## REQUIRED ACTION:
Restate all the lines below word for word, but omit the pictures.

## COLLECTED DATA:
-------------------------

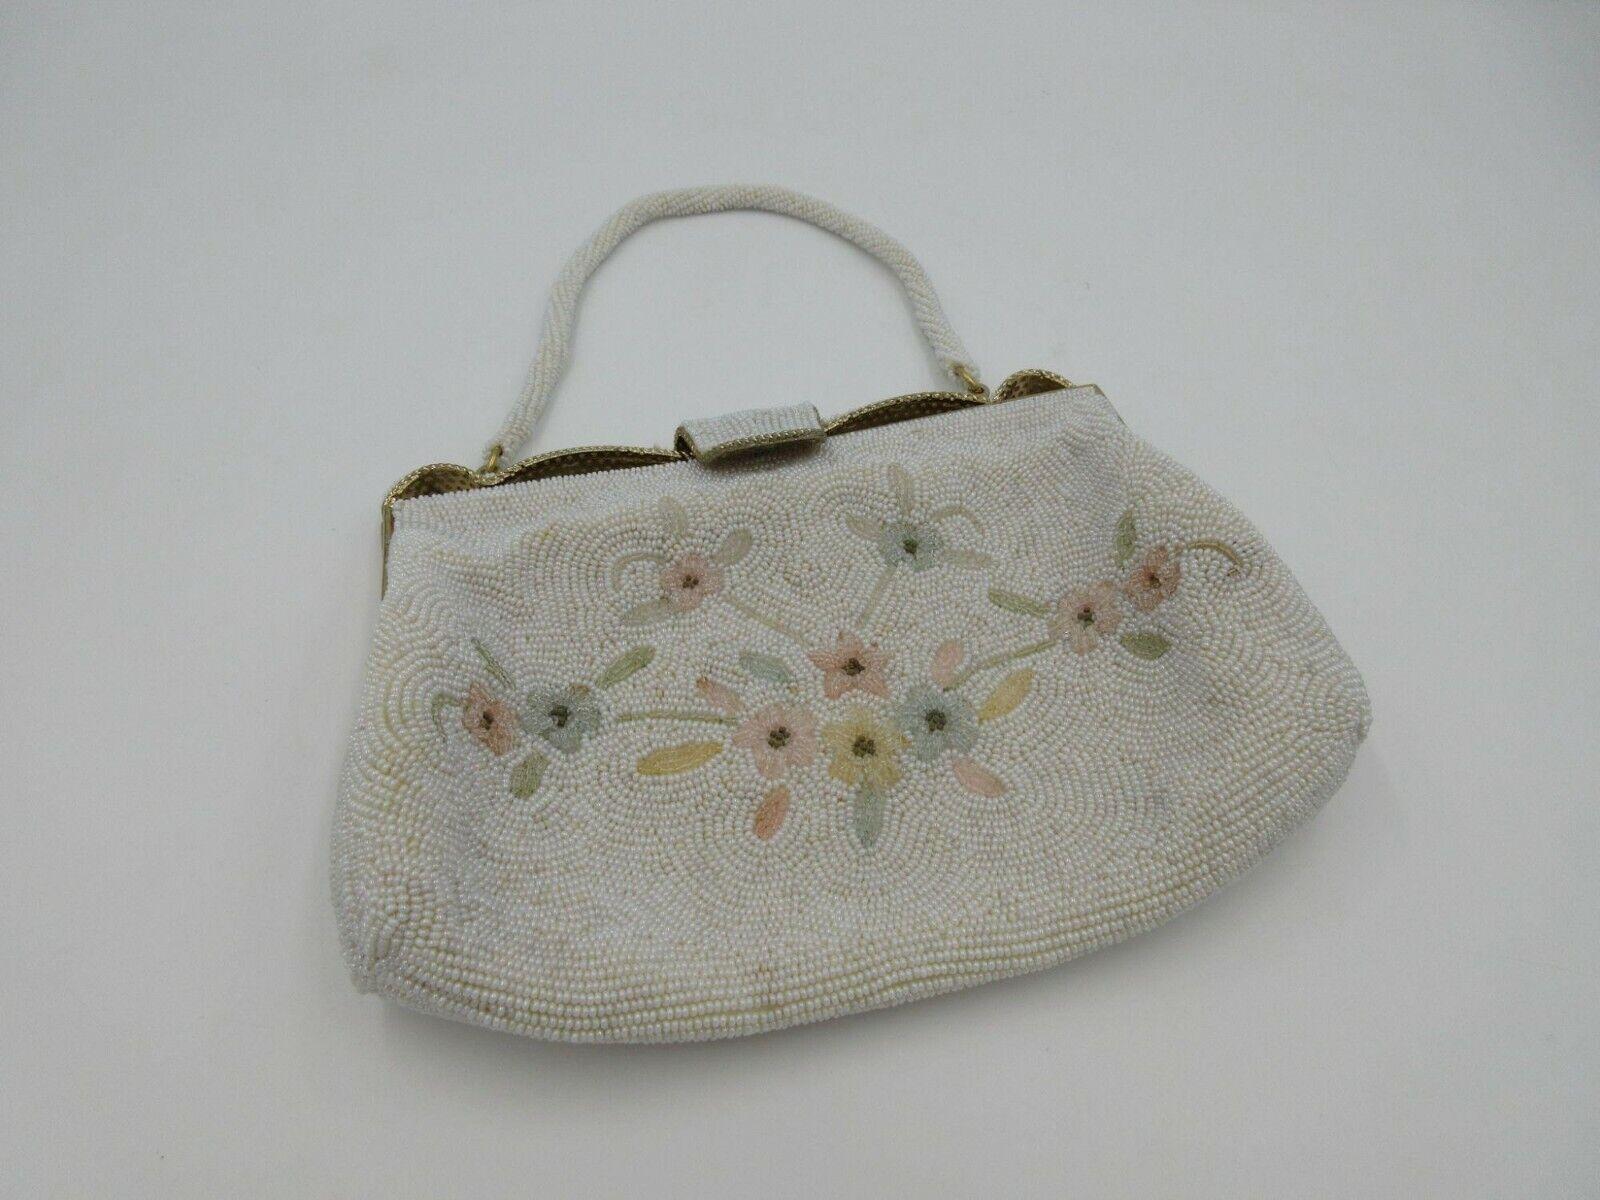 Vintage women's hand beaded floral handbag clutch made in Japan
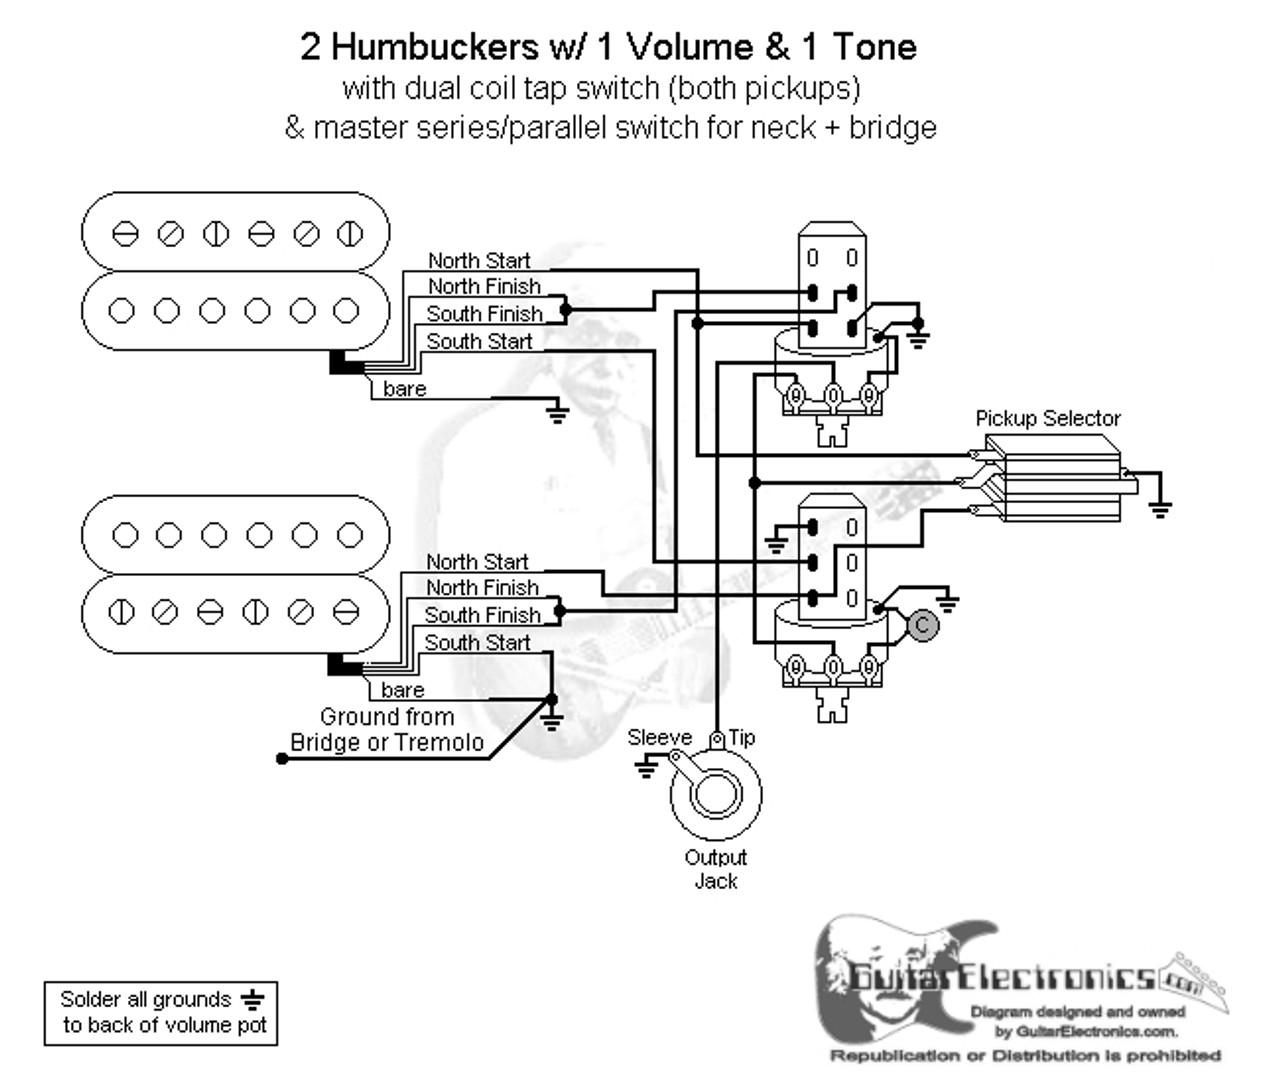 medium resolution of 2 hbs 3 way toggle 1 vol 1 tone coil tap series parallel 2 humbucker 1 vol 1 wiring diagrams
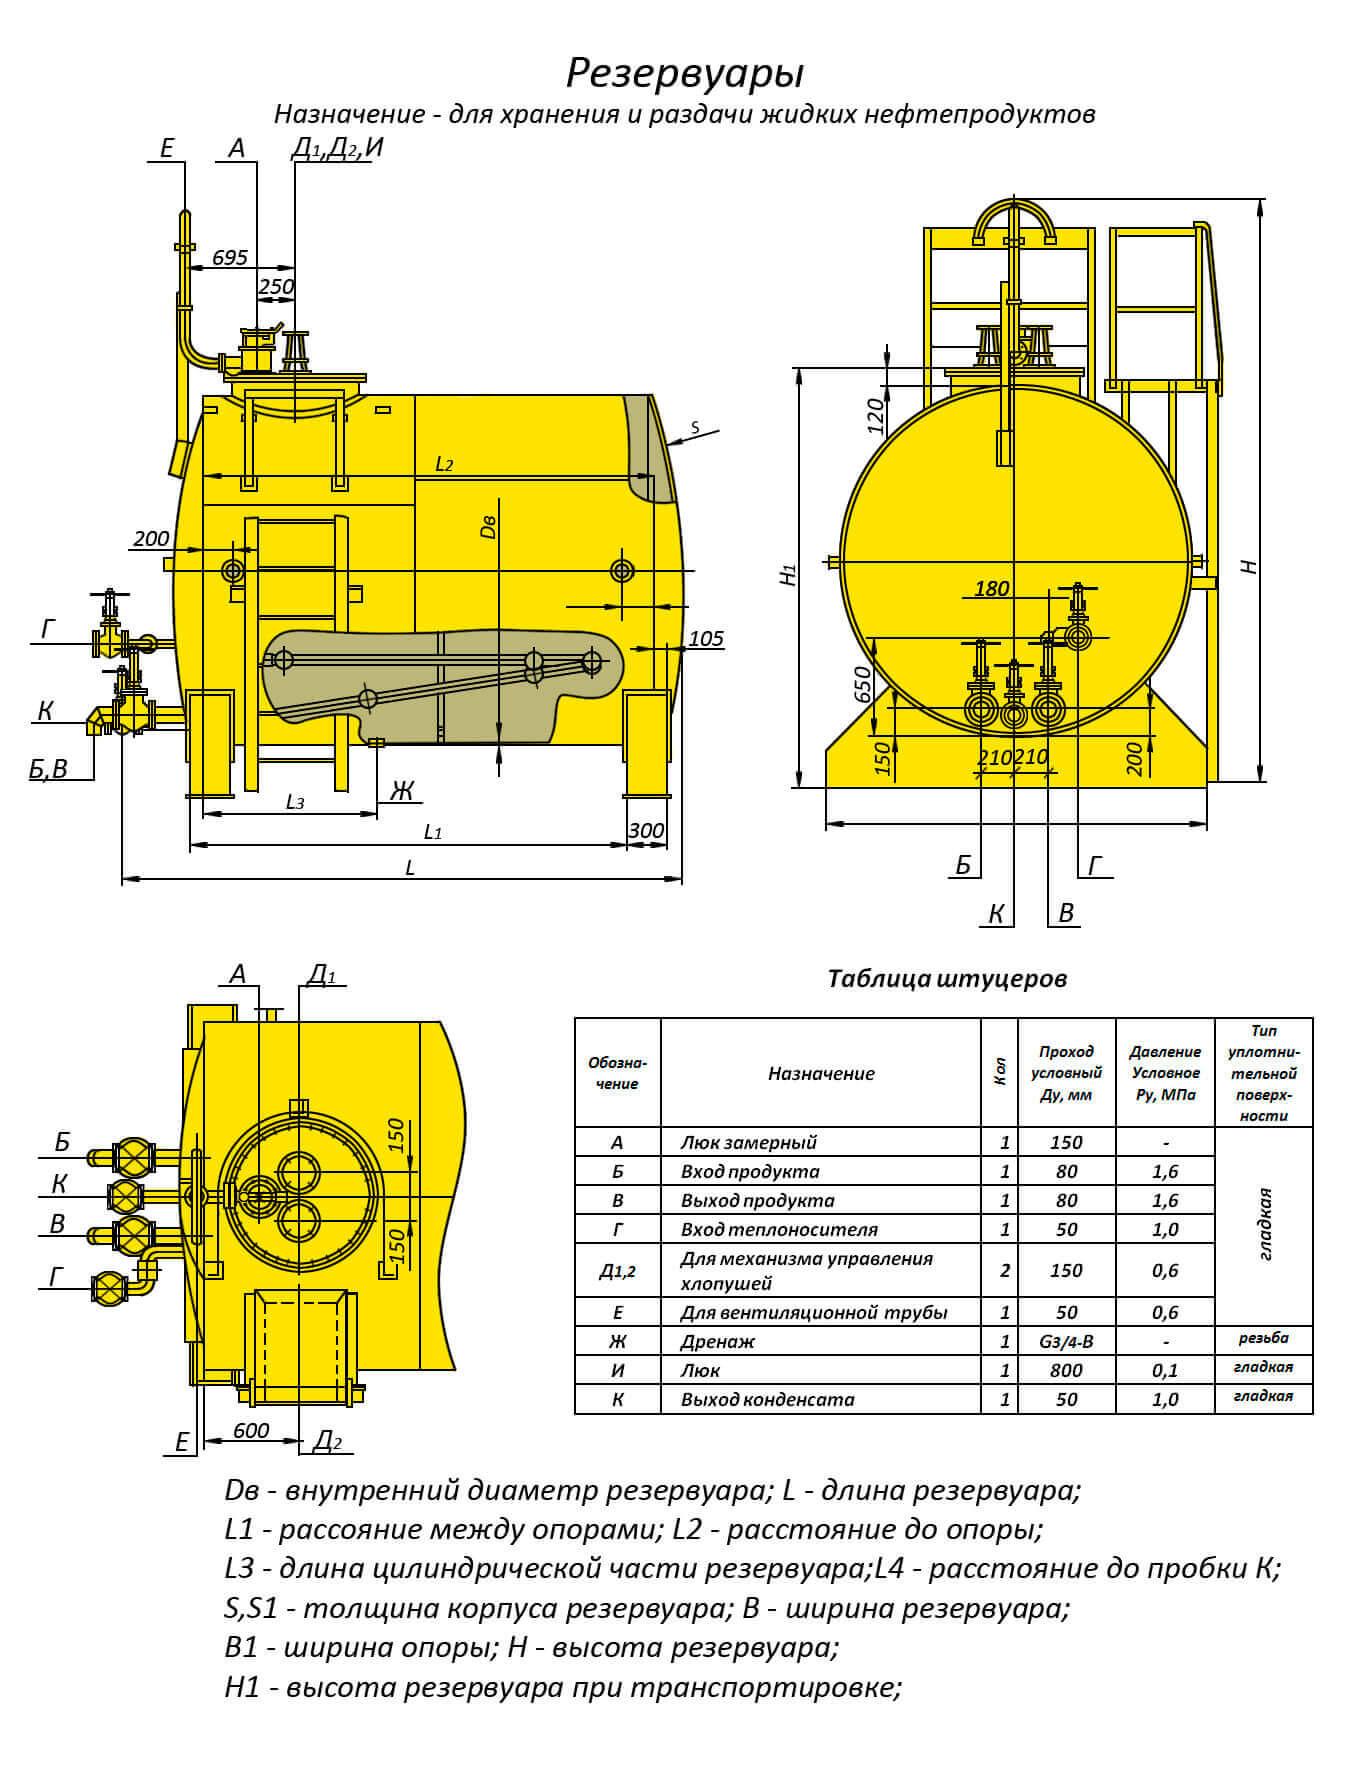 rezervuary i emkosti cilindricheskie rvs rgs 5 Емкости и резервуары для кислот и агрессивных сред

-------------------------

## TASK OUTPUT:
 Vintage women's hand beaded floral handbag clutch made in Japan
 medium resolution of 2 hbs 3 way toggle 1 vol 1 tone coil tap series parallel 2 humbucker 1 vol 1 wiring diagrams
 rezervuary i emkosti cilindricheskie rvs rgs 5 Емкости и резервуары для кислот и агрессивных сред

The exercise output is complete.